Security Considerations for Different Cloud Categories

In a cloud environment, security responsibilities are shared between the service provider and the customer. In the SaaS model, the customer has the least responsibility, and in the IaaS model, the customer has the most responsibility. In a PaaS, the responsibility is shared more equally.

The Shared Responsibility Model for cloud services is widely used to identify which security tasks are owned by the CSP, which are owned by the customer, and which require participation by both parties. The basics of the shared responsibility model are presented earlier in this chapter, and each CSP publishes their own version of a shared responsibility model tailored to their unique offerings.

Cloud security is designed to address risks that exist in a typical cloud infrastructure stack, which usually has most of the following components:

  • Data
  • APIs
  • Applications/solutions
  • Middleware
  • Operating systems
  • Virtualization (VMs, virtual local area networks)
  • Hypervisors
  • Compute and memory
  • Data storage
  • Networks
  • Physical facilities/data centers

It is generally understood that the CSP is responsible for the last five items on the list in all delivery models. Customers always have ultimate responsibility for data they place in the cloud, and the responsibility for the items in between varies depending on the service model. Those responsibilities are detailed in the following sections.

Software as a Service

From a security standpoint SaaS offers the most limited security options. Most of the security responsibility falls to the SaaS provider, such as securing the infrastructure, operating system, application, networking, and storage of the information on their service.

The customer may have limited application-specific security options, such as configuring the type of encryption or supplying their own keys to be used for encrypting data. Access control to the SaaS application is also the responsibility of the customer, including user access and access to any APIs. All other layers are the responsibility of the CSP.

The user of a SaaS solution has responsibilities as well. When a service is subscribed to by an organization or an individual, it is important to understand the security policies and procedures of the SaaS provider to the extent possible. In addition, the user determines how information is transferred to the SaaS provider and can do so securely through end-to-end encryption. The SaaS user is responsible for determining how the data is shared. Finally, the user can provide access security through proper use of login credentials, secure passwords, and multifactor authentication when available.

Platform as a Service

In a PaaS solution, security of the underlying infrastructure, including the servers, operating systems, virtualization, storage, and networking, remains the responsibility of the PaaS service provider. The developer is responsible for the security of any solutions built on the PaaS offering. This includes patching any applications other than the PaaS offering, as well as adequate security for the data used by the application. Just as with SaaS, the customer is responsible for controlling user access to the solutions developed.

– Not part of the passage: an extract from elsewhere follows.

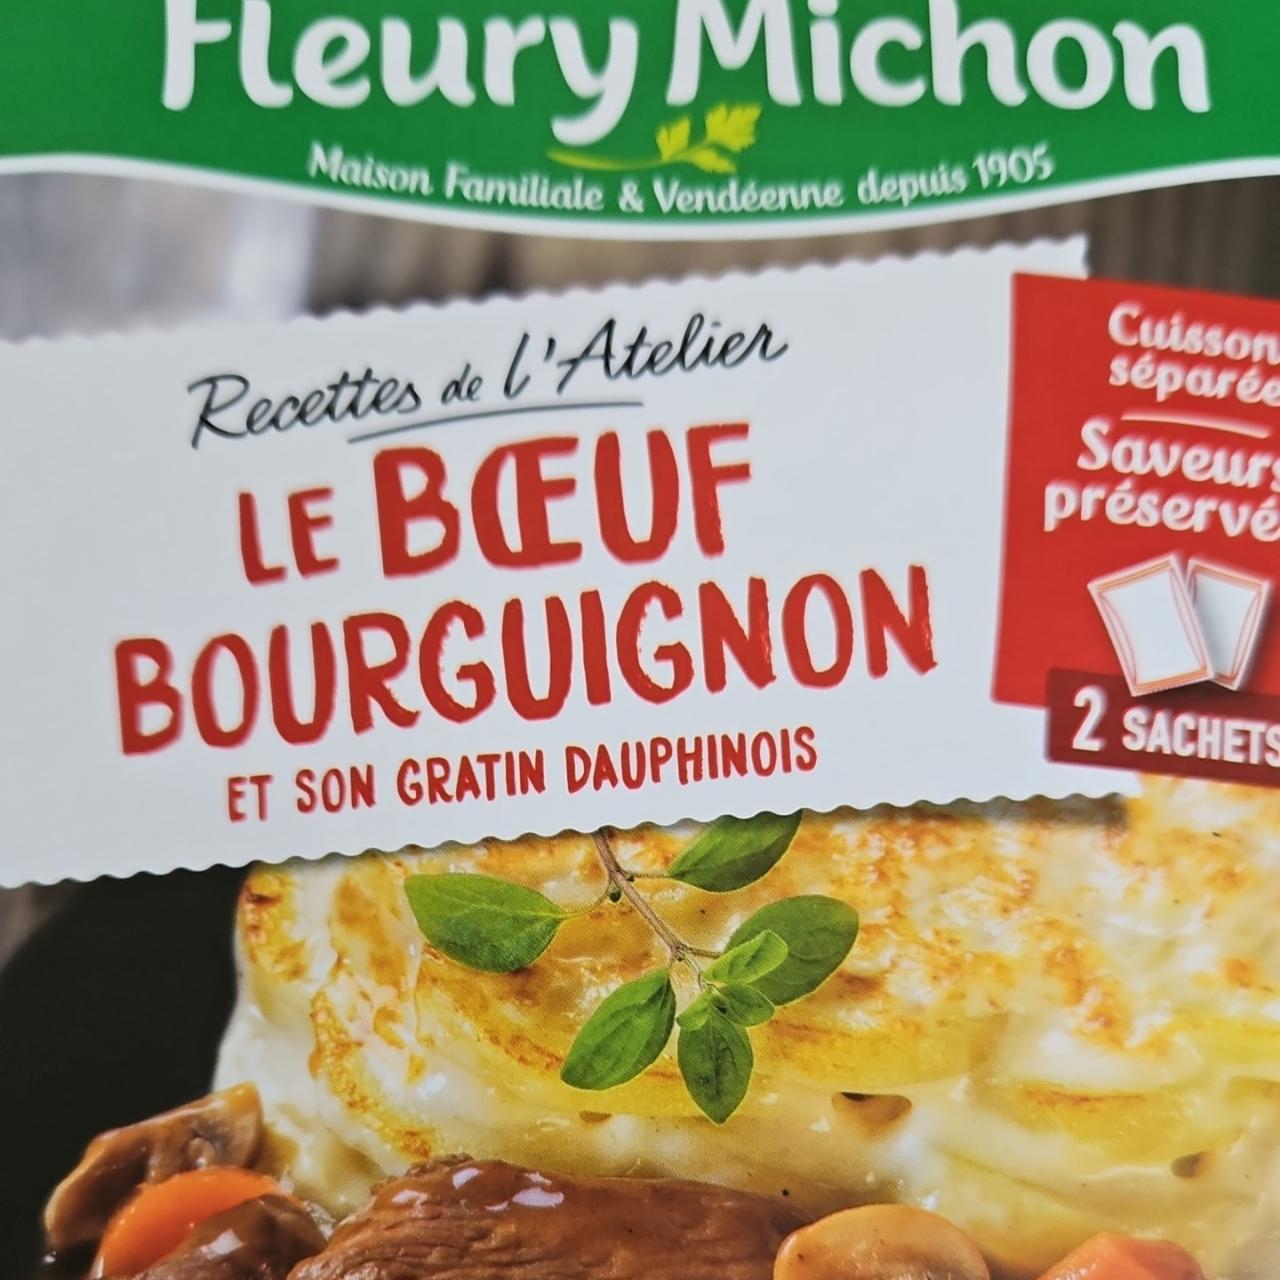 Fotografie - Le bœuf bourguignon et son gratin dauphinois Fleury Michon

In the Shared Responsibility Model, this means the customer is responsible for the data, APIs, and applications, with potentially some middleware responsibility.

Infrastructure as a Service

IaaS places most security responsibility on the customer. The CSP secures the virtualization computing, storage, and networking resources, which may exist on servers or hardware devices. The IaaS customer is responsible for the security of everything built on top of this virtualized computing environment, including the operating system and anything built on top of it.

In the Shared Responsibility Model, the customer is responsible for everything above the hypervisor. As in the other delivery models, the exact responsibility along this line can vary between the CSP and customer and must be clearly understood in each case. For example, the CSP may provide secure access to their network, which can then be used to access the customer's IaaS resources. Maintaining the secure access service falls to the CSP, while the customer is responsible for all other aspects of security.

Cloud Design Patterns

Similar to a reference architecture, cloud design patterns provide a set of guidelines and practices designed to create secure cloud computing services. Many of these are frameworks or models created by cloud organizations like CSPs and the Cloud Security Alliance. Utilizing these frameworks can guide organizational decisions such as choosing cloud service and deployment models, deploying cloud security technologies, and managing cloud environments once deployed.

SANS Security Principles

SANS (sans.org) is an organization that provides a variety of services to security practitioners, including training, templates, and the CIS control framework. This control framework is lightweight and is prioritized to address the most-prevalent security threats seen on the Internet. They provide a solid foundation for organizations looking to secure cloud infrastructure, due to the broad network accessibility of cloud solutions.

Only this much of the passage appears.